As a child, I was drawn to movement for its intensity and challenge. On one occasion, spurred by a family member’s taunt that I was too poor of a swimmer to swim a hundred laps in a full-length pool, I willed my eight-year-old body through the water, propelled by the need to test the edges of my endurance. Gym class was always a measure of how far I could push, and every recess game was do-or-die. “Easy” Sunday fun-runs with my club soccer team were unspoken duels, where I measured my breath and pace against anyone who dare challenge me. For years, I was addicted to pushing the limits of my resolve.

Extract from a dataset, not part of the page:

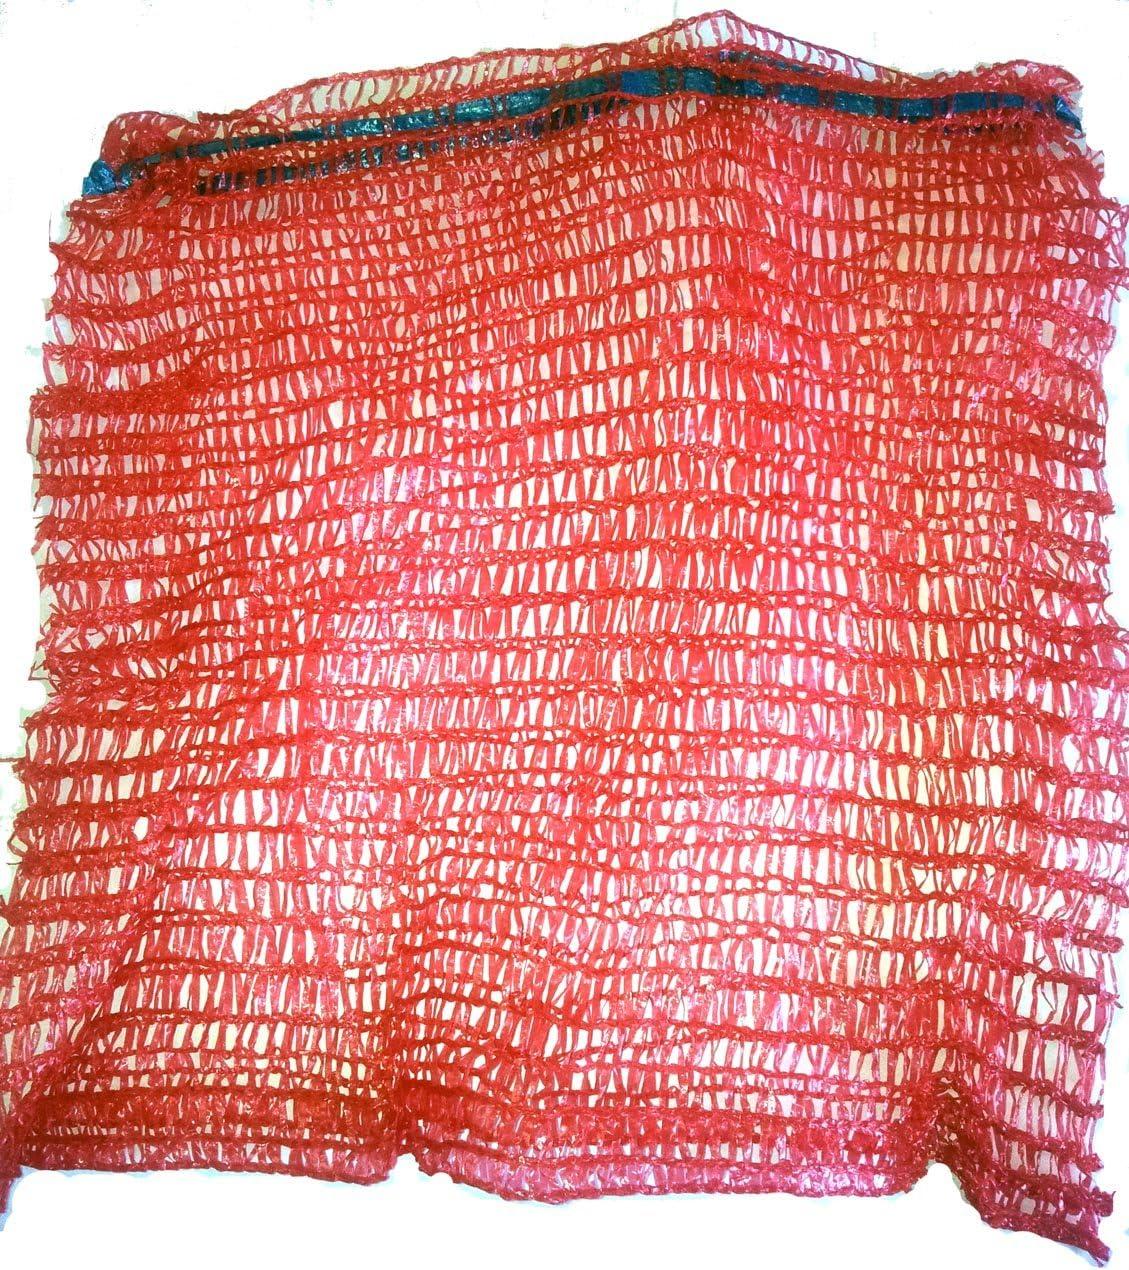 VRYSAC - 100 sacos malla 40x50 raschel rojo, con cerrador, para 10kg de naranjas, cebollas o limones, unos 5kg de nueces

Later on, as I transitioned to college and my athletic talent and ambition faded from focus, I found in movement the steady gift of community. My track and field teammates were gifted athletes who like me, had found that their love for competition had flared, then hollowed. Free from the expectations of pace and time, our miles softened into sagas of story and spirit. We laughed at the boys’ team, who hadn’t yet discovered what we already knew: competition could drive you to the edge, but only joy could carry you beyond it.

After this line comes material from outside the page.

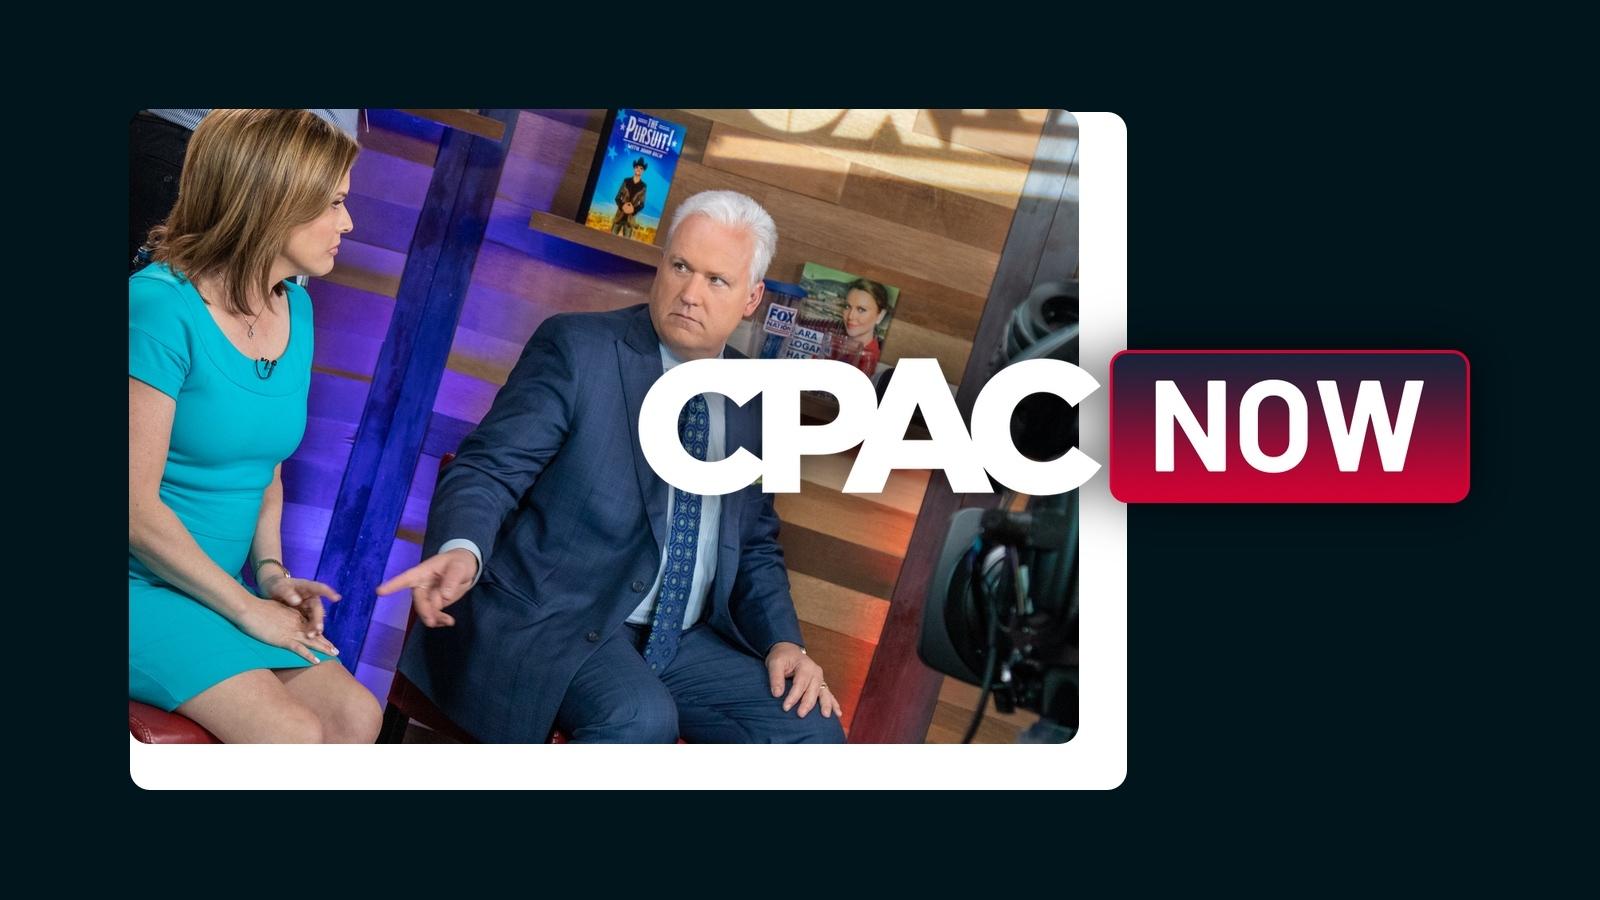 Site Box Cpac Now

By the age of twenty, I had settled into routine and community, but my innate call for vigor and depth beckoned me towards a new adventure. I stunned just about everyone when I packed up a single bag and moved to Nairobi, Kenya. In Nairobi, I asked a taxi driver about where I might find a good place for a jog. “If you have the energy to run at the end of the day, you probably aren’t working hard enough,” he scoffed, “plus, if I saw a young woman running around here, I’d look for who was chasing her.” Determined to prove to my parents that I could keep myself safe halfway across the world; to maintain my fitness, I got a job at a local yoga studio, Africa Yoga Project (AYP).
Yoga both excited and intimidated me. I was conditioned for buzz, momentum and breathlessness. Yoga pushed me to slow down, to notice every feeling in motion, and to welcome it with curiosity rather than definition. Advice from a mentor to bring each pose “only to the point where you can still smile,” challenged my instincts to constantly seek discomfort. At the studio, movement became meditation – a deeply personal conversation between body and mind.
As my own yoga practice unfolded, my work at AYP gave me the chance to witness the same transformation in others. More than just a normal yoga studio, Africa Yoga Project (AYP) is actually a nonprofit that offers free yoga teacher trainings to low-income community members. Young men and women from Kibera, one of Nairobi’s most underserved communities, arrived at the studio each day, carrying the invisible burdens of poverty, addiction and instability. Over time, I watched movement take root, turning a simple practice of yoga into a profound unfolding of confidence, grounded presence, and self-worth. I saw first-hand what I had always known to be true in my own life: that movement and identity are intricately intertwined.
In the decade or so since I began my yoga practice, my relationship with movement continues to evolve. Things sharpen then blur, clarity comes and goes, and time reveals the intricate, yet beautiful chaos of a path still forming.
My draw to teach movement is rooted in this messy yet harmonious evolution – a journey I believe we all share, and one that can shape our lives far beyond the mat if we allow it to.